Financial pundits everywhere talk and write about how an investor’s mindset can have a significant effect on wins and losses – true statement. However, my belief is that poor decision making doesn’t start with irrational thinking, it starts with irrational investments.
I recently read, The Behavior Gap, a book by Carl Richards, which talks about this very subject, rational versus irrational investing behavior and how it affects returns. The takeaway solution promoted the need to have a financial advisor available to make up for investors committing the grave mistake of irrationality. The book, The Power of Zero, by David McKnight, touches on the same idea. Though both books presented excellent points about investing in general and risk management, in my opinion, there is a discrepancy.
The Behavioral “Norm”
When investing, we’re taught to buy low and sell high. This simplistic, straightforward advice makes complete sense if we as investors always have perfect information about where the markets is headed. If we did have perfect information, even the novice investor could make accurate predictions. So, though the buy low and sell high advice are words most investors live by, it’s extremely unrealistic.
The Behavioral “Reality”
Let’s take 2008, for example. As the market declined, investors bailed out of the market in droves, much like rats from a sinking ship. Analysts say the fear resulting from the housing market crash was the reason for it, and the behavior was irrational.
Why irrational? Because everyone knows the market would eventually find its bottom and rebound. Then, those same investors who jumped ship on the way down, were some of the last to jump back in as the market charged to new highs in early 2013.

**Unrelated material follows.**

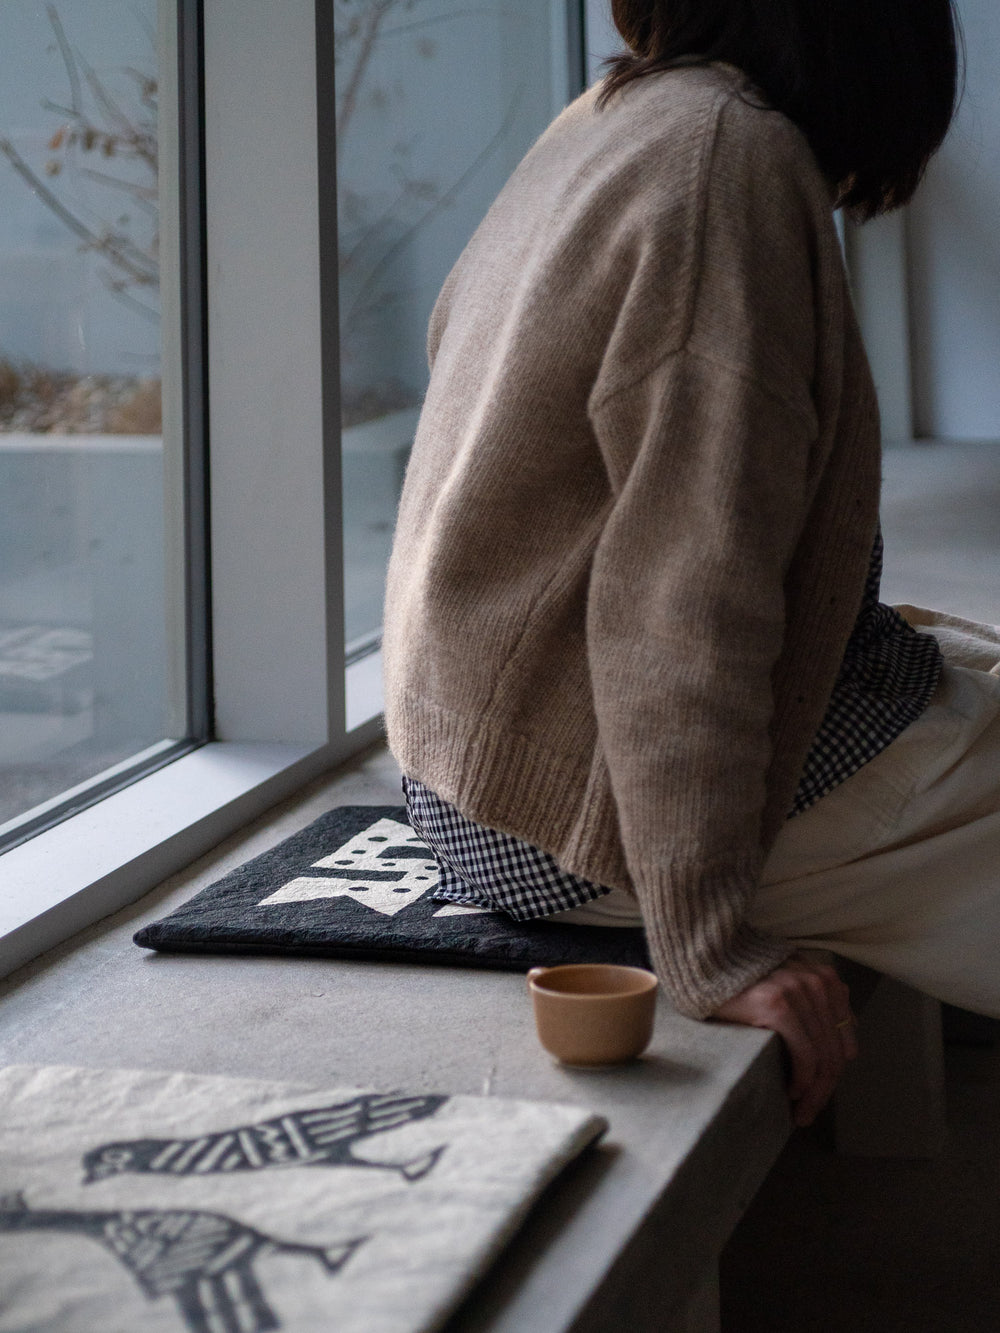 Washi Kakuza Paper Cushion – Design 2 Blue

The result for the average investor was the exact opposite from the stated goal of buying low and selling high. Many ended up selling low, then buying high. This result is what financial advisors point to as investors acting irrationally.
Investor vs Investment
In my opinion, buying high and selling low in 2008 did not happen because of irrational behavior, it happened because of irrational investments. It turns out that it was the best decision any investor knew how to make.
Ex Post Facto Advice
Investors take action as market events unfold. We don’t have the privilege of “waiting out” the market as it bottoms. Yet this is exactly how investment advisors want us to act.
Because our retirement is on the line, we as investors have to look at situations in the market from the perspective of, “what are the costs to me if the market continues to go down versus my potential benefit if rebounds and comes back up?” Obviously, the cost of losing everything is greater than the potential of making incremental gains, so we draw a line in the sand and say if my portfolio falls below “x”, then I have no choice but to protect what I have left. This is why we sell on the way down.
Buying back in has its own set of challenges. Because we hold on as long as we can before exiting, we can’t just jump right back in as soon as we see the green bar shoot upward. We have to ensure that those seeds of recovery have taken root before we can manage more risk with our diminished nest egg. We wait. We wait until our confidence is high enough to justify the risk.
The problem with financial advisors is that now, in 2015, they can look back and see where the market bottomed out and rebounded. Thus they conclude that clients who sold and bought back in acted irrationally because of evidence that surfaced after the fact. Many people talk about irrational behavior, but they do so as if they know, for a fact, exactly where the market is headed, be it up or down.
The Nikkei Index
Why is acting on this advice so dangerous? Let’s look at Japan’s Nikkei Index (Japan’s equivalent of the S&P 500) as an example. Japan’s stock hit a peak in late 1989. Then the market crashed. But instead of a quick rebound in a matter of a few years, the Nikkei crashed again. And again. And again. Ultimately the market found its bottom in 2003.
As of today, in 2015, the index is half of where it was in 1989. Had an investor listened to analysts “rational” advice to stay in for the long run, they would be sitting on losses of 50% and more than 25 years of lost time.
It Can’t Happen Here… Or Can It?
But that can’t happen here right? No one can answer that question with confidence, so I think it unwise to rule it out. While we haven’t had a 25 year downward stretch, we have had stretches longer than most advisors choose to remember.
Our Dow Jones average took 25 years to recover after it fell in 1929. Another 20 years, from 1966 to 1985, produced no buy and hold returns. And most recently from 2000 through 2012 the market moved tremendously, but had nothing to show for it after that 12 year stretch.
The Rational Decision
Being a rational investor starts before the market moves. It starts with your investing strategy and where you choose to put your hard earned retirement dollars.
If you can’t afford to lose a substantial portion of your income for 10, 20, or even 25 years, then the rational decision is to choose a better asset class. In doing so, you will find the investment control you knew you always had, and no one can accuse you of being irrational.